Hyperparameter Optimization for the Instruction-Tuning of Large Language Models with NOMAD 4

This repo gathers the work that has been done by the BBO team @ GERAD for the Hyperparameter Optimization (HPO) project in the context of the Alliance with Huawei-Canada between september 2023 and february 2024.

Get started

The PDF document approach.pdf in the docs folder thoroughly describes the theory behind our work, as well as our approach. It is recommended to read it first in order to fully understand what is undertaken here.

In the following, the reader is assumed to be familiar with the theory developed in this document, especially with: the Transformers architecture [Vas+17], the concept of instruction-tuning, the LoRA fine-tuning method [Hu+21], 4 widespread NLP tests (MMLU, BBH, DROP and HumanEval) and the family of LLaMA language models. [Touv+23]

Approach

We perform the fine-tuning of the 7B parameter variant of LLaMA 2 on a 53k-sized dataset of instructions with the LoRA fine-tuning method. Recall that the LoRA method relies on the following quasi-equality:

$$\forall x\in\mathbb{R}^d,\quad W_0x+\Delta Wx\simeq W_0x+\frac{\alpha}{r}BAx\enspace.$$

with $B\in\mathbb{R}^{k\times r}, A\in\mathbb{R}^{r\times d}, r\ll\min(k,d)$ and $\alpha\in\mathbb{N}$.

We seek to optimize the choice of 4 hyperparameters (HPs) within this context: $r$, $\alpha$, the dropout probability of the optimizer AdamW and the learning rate of the fine-tuning.
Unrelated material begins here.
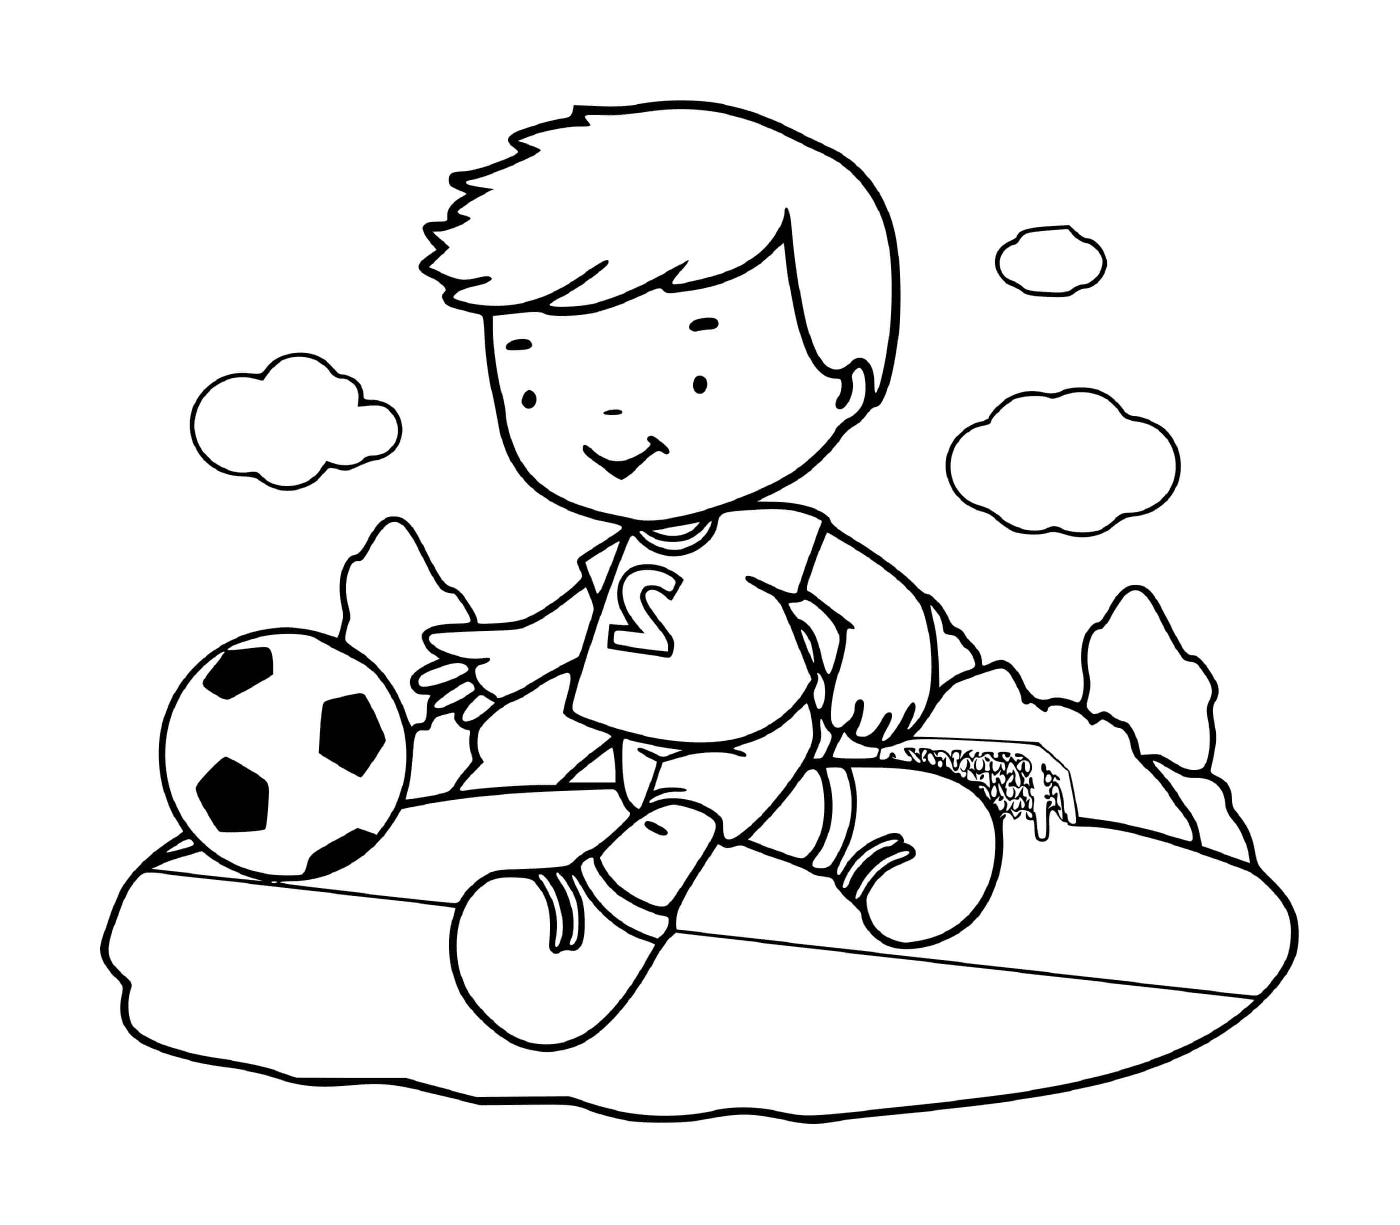  A boy plays football enthusiastically

Each combination is denoted as a vector of hyperparameters $\theta=(r,\alpha,dropout,lr)^ \top$.

Requirements

The HuggingFace API is central to our experiment. It implements language models, training and test procedures. See Transformers and PEFT especially.

Global requirements are:

Python >= 3.9
All dependecies are listed in the requirements.txt file. Run

python3.9 -m pip install -r requirements.txt

to install all libraries at once.

If you wish to use a LLaMA model through the HuggingFace Transformers API, you will need to be authorized by Meta AI. Follow the instructions on the HuggingFace webpage dedicated to the model you want to use (for the 7B version we used, see here).
Plan that you will need a significant amount of GPU memory. At GERAD, only the atlas server was able to run our experiments. You will need the A100 GPUs with 80Gb RAM (40Gb will not be enough). :white_check_mark: you CAN run an optimization with less than 4 GPUs but expect the computation to be slower. :x: you CANNOT run an optimization with any of the 40Gb RAM GPUs. The size of the model and the data will cause an overflow.
NOMAD 4

Repo organization

bbo contains all files needed to reproduce the experiment described in experiment 1.
bbo2 contains all files needed to reproduce the experiment described in experiment 2.
bbo3 contains all files needed to reproduce the experiment described in experiment 3.
blind_eval contains data and scripts we used to generate text answers from our models in order to conduct the survey for human evaluation.
data contains the data used for training and valiation.
eval contains some scripts useful to run the evaluation of the model on a dataset.
nni contains the files needed to reproduce an experiment that is described in deeper details in the appropriate folder.
plot contains a script to draw a parallel plot from a statistics file.
train contains scripts used to run the training phase of our pipeline.

Pipeline implementation

The pipeline is usually broken down into 2 files:

bb.py
- reads the encoded values of the 4 HPs given by NOMAD,
- if a history file is provided, checks whether a very close point has already been evaluated. If so, returns the associated blackbox value,
- calls eval.py to perform the training and evaluation phases,
- reads the results of the evaluation in a file and returns it to NOMAD.
eval.py
- reads the encoded values of the 4 HPs given by NOMAD and translates them into actual values (see encoding for every experiment),
- chooses the GPUs that will be used for computation (variable cuda_visible_devices at the beginning of the file). Before lauching an experiment, check which GPUs are available with nvidia-smi . A script like nvidia-htop can be useful if you need to see who is running processes on GPUs (and know how you can share the resources);
- runs the following command in order to perform training and validation with the appropriate HPs. Elements that should be adapted to your local setup or customized are between braces <the element>.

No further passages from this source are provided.